- Other name: Turkmensahra Councils Central Headquarters
- Dates active: 1979–1980 in Turkmen Sahra 1980–present in Turkmenistan and Europe
- Country: Iran
- Headquarters: Gonbad-e Kavus, Golestan Province, Iran
- Newspaper: Ilguji
- Active regions: Turkmen Sahra
- Ideology: Agrarian socialism Federalism
- Political position: Left
- Wars: 1979 Turkmen rebellion in Iran
- Website: ilguji.org

= Turkmen People's Cultural and Political Society =

Communist insurgent group in Iran

The Turkmen People's Cultural and Political Society (Türkmen Halk Medenli we Syýasy Ojak, کانون فرهنگی و سیاسی خلق ترکمن), also known as the Turkmensahra Councils Central Headquarters (ستاد مرکزی شوراهای ترکمن‌صحرا), was a socialist and ethnic insurgent group based in Gonbad-e Kavus, Iran.

It was established in the immediate aftermath of the Iranian Revolution and mobilized Iranian Turkmens who mostly follow Sunni Islam. It was closely associated with the Organization of Iranian People's Fedai Guerrillas (OIPFG) in terms of political bent. Following Iranian Revolution, the Turkmen people established local councils and a parallel system of self-government across Turkmen Sahra. For roughly a year, a form of dual power existed in the region: the newly established Islamic Republic claimed formal sovereignty, while Turkmen councils exercised substantial authority over local administration, land distribution, and economic affairs. The After the initial clashes in March 1979, a ceasefire was reached, but the Turkmen councils continued to operate and expand their influence throughout the following months. It was only after this period of dual power that the Islamic Republic launched its decisive military offensive in February 1980, ultimately dismantling the councils and imposing central government control over Turkmen Sahra.

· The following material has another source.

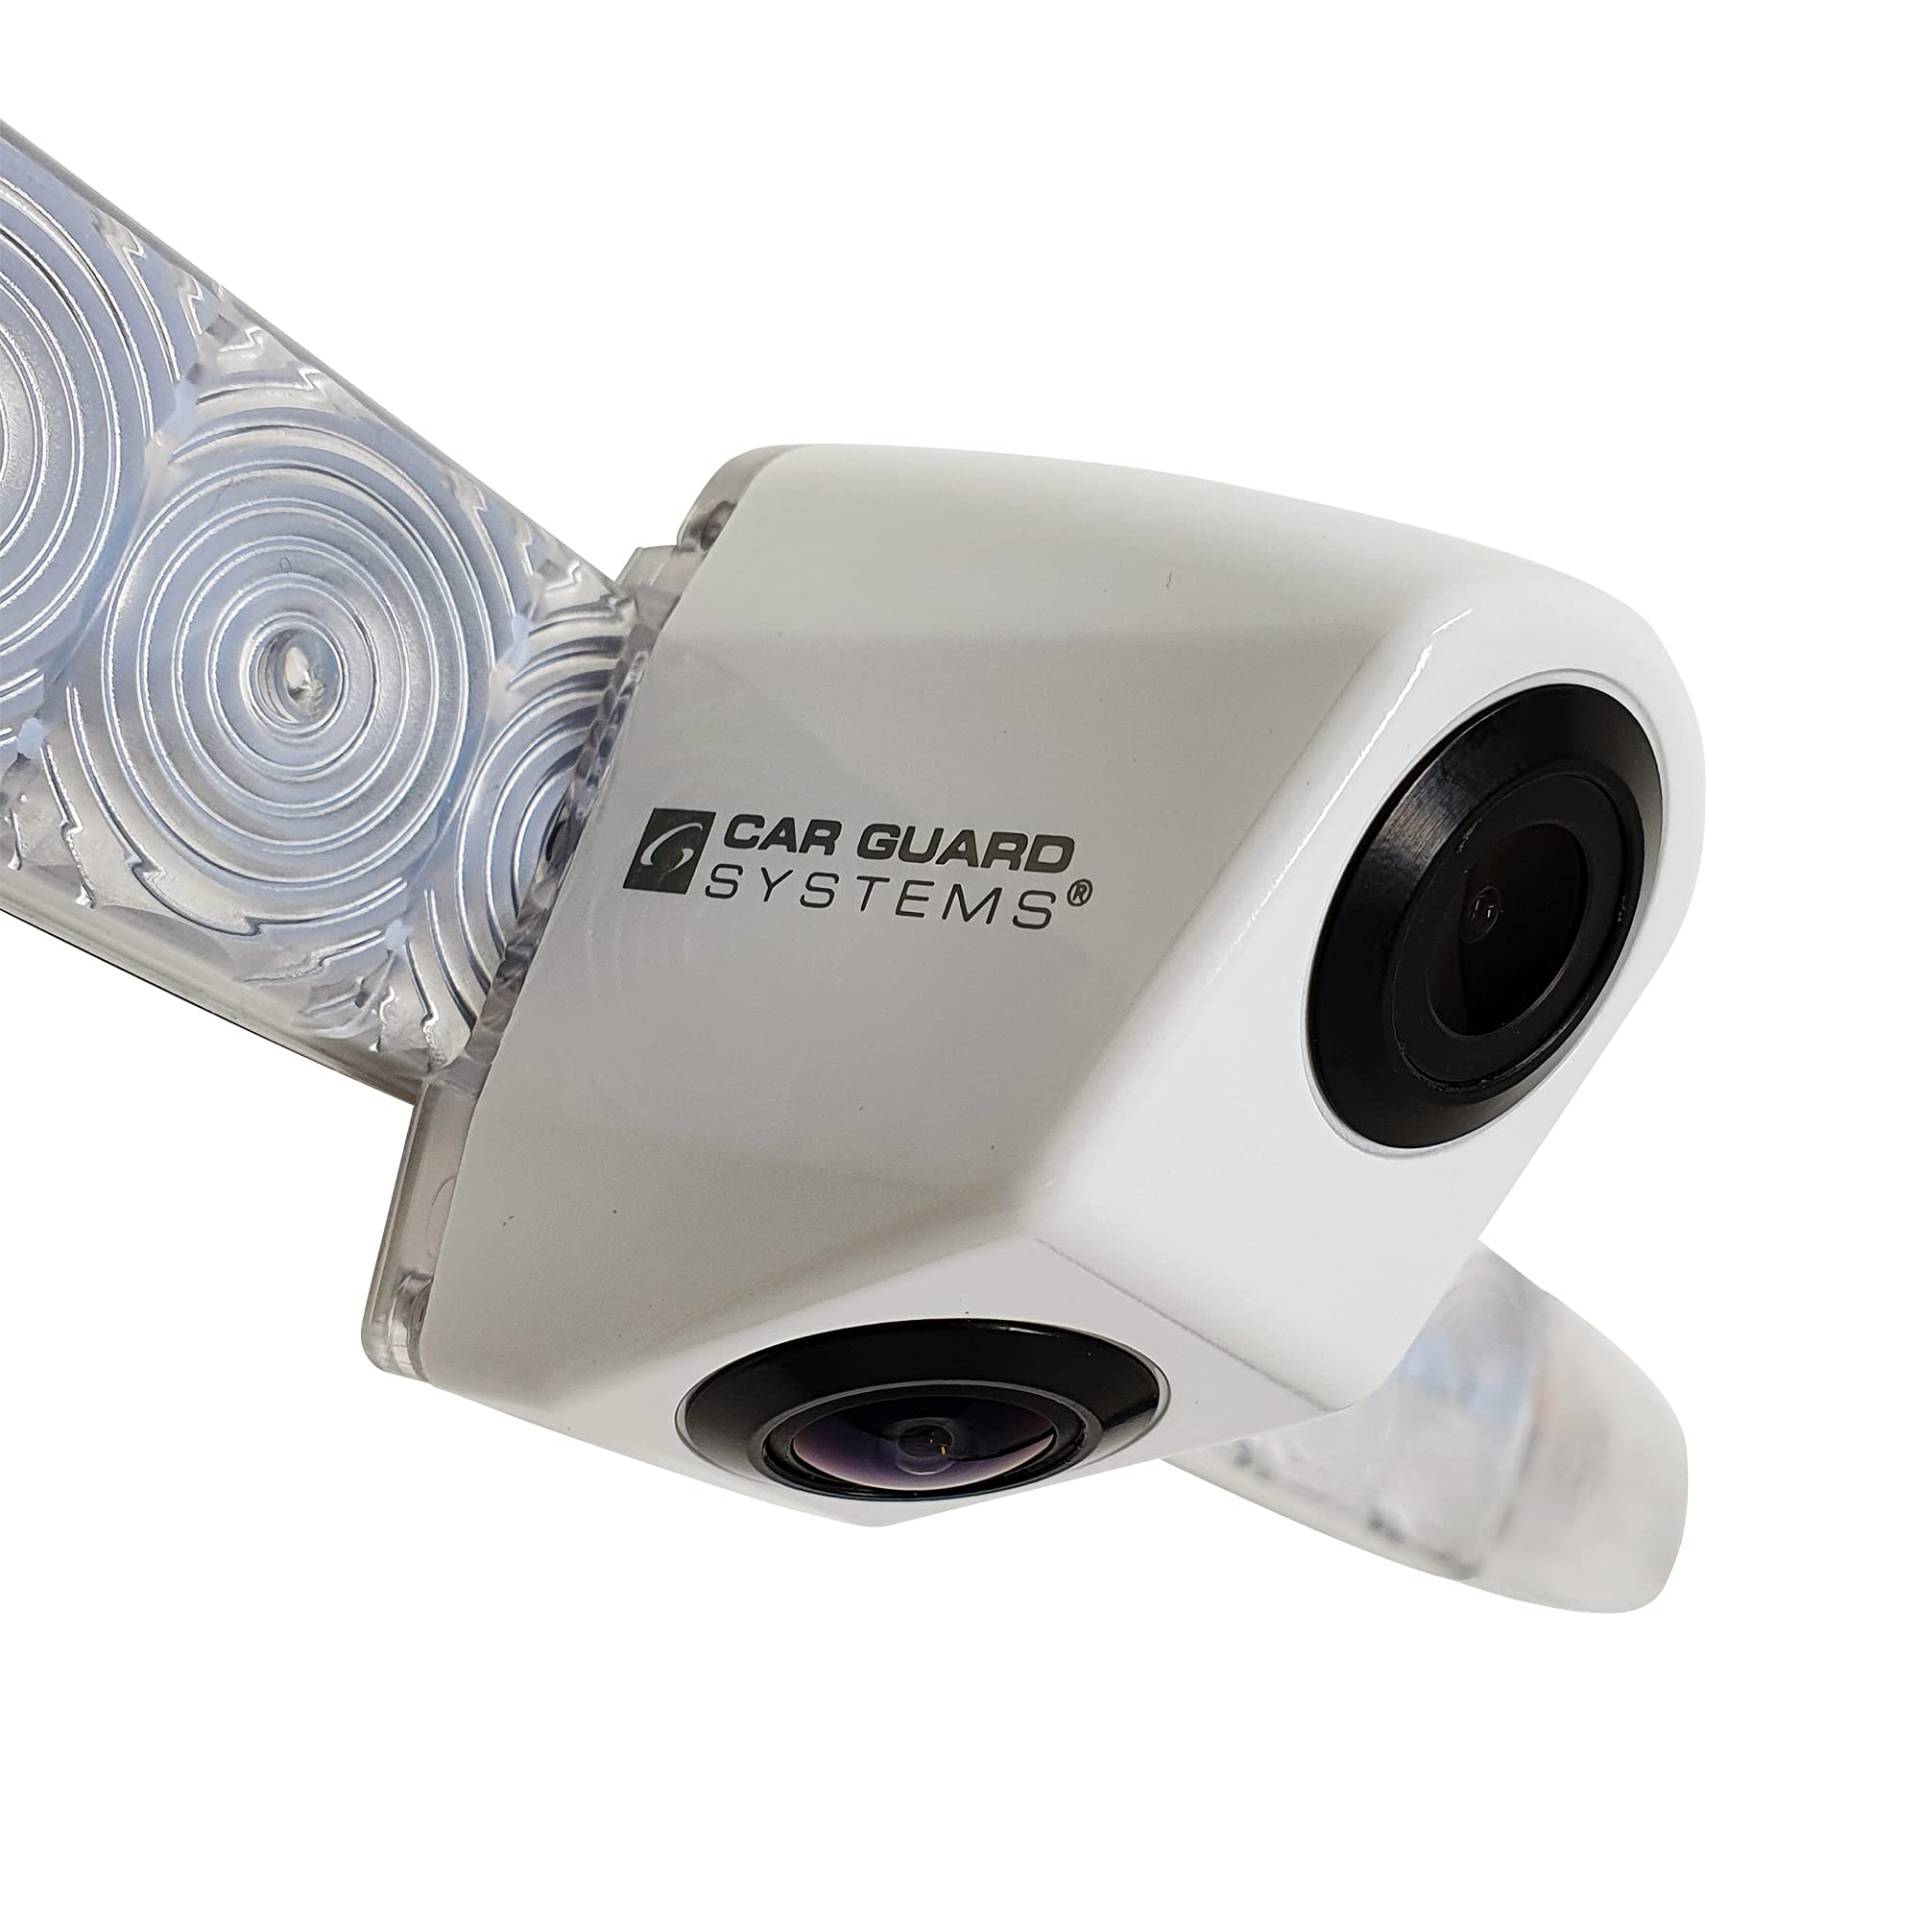 Doppel-Rückfahrkamera mit 3. Bremsleuchte RAV-DB2 in weiß von CARGUARD Systems mit 700TVL für Navis, Moniceiver und Monitore mit 2 Kameraeingängen für Fahrzeuge mit Dometic-Kameravorrüstung von CARGUARD SYSTEMS

The second phase erupted in February 1980 between the two sides, but it was suppressed by the Islamic Revolutionary Guard Corps. The kidnapping and murder of the group's leaders dealt a major blow to the organization, preventing it from continuing its activities inside Iran. Outside the country, Turkmen political activities have largely continued through organizations such as the Organization for the Defense of the National Rights of the Turkmen People and the Turkmen Sahra Cooperation Council.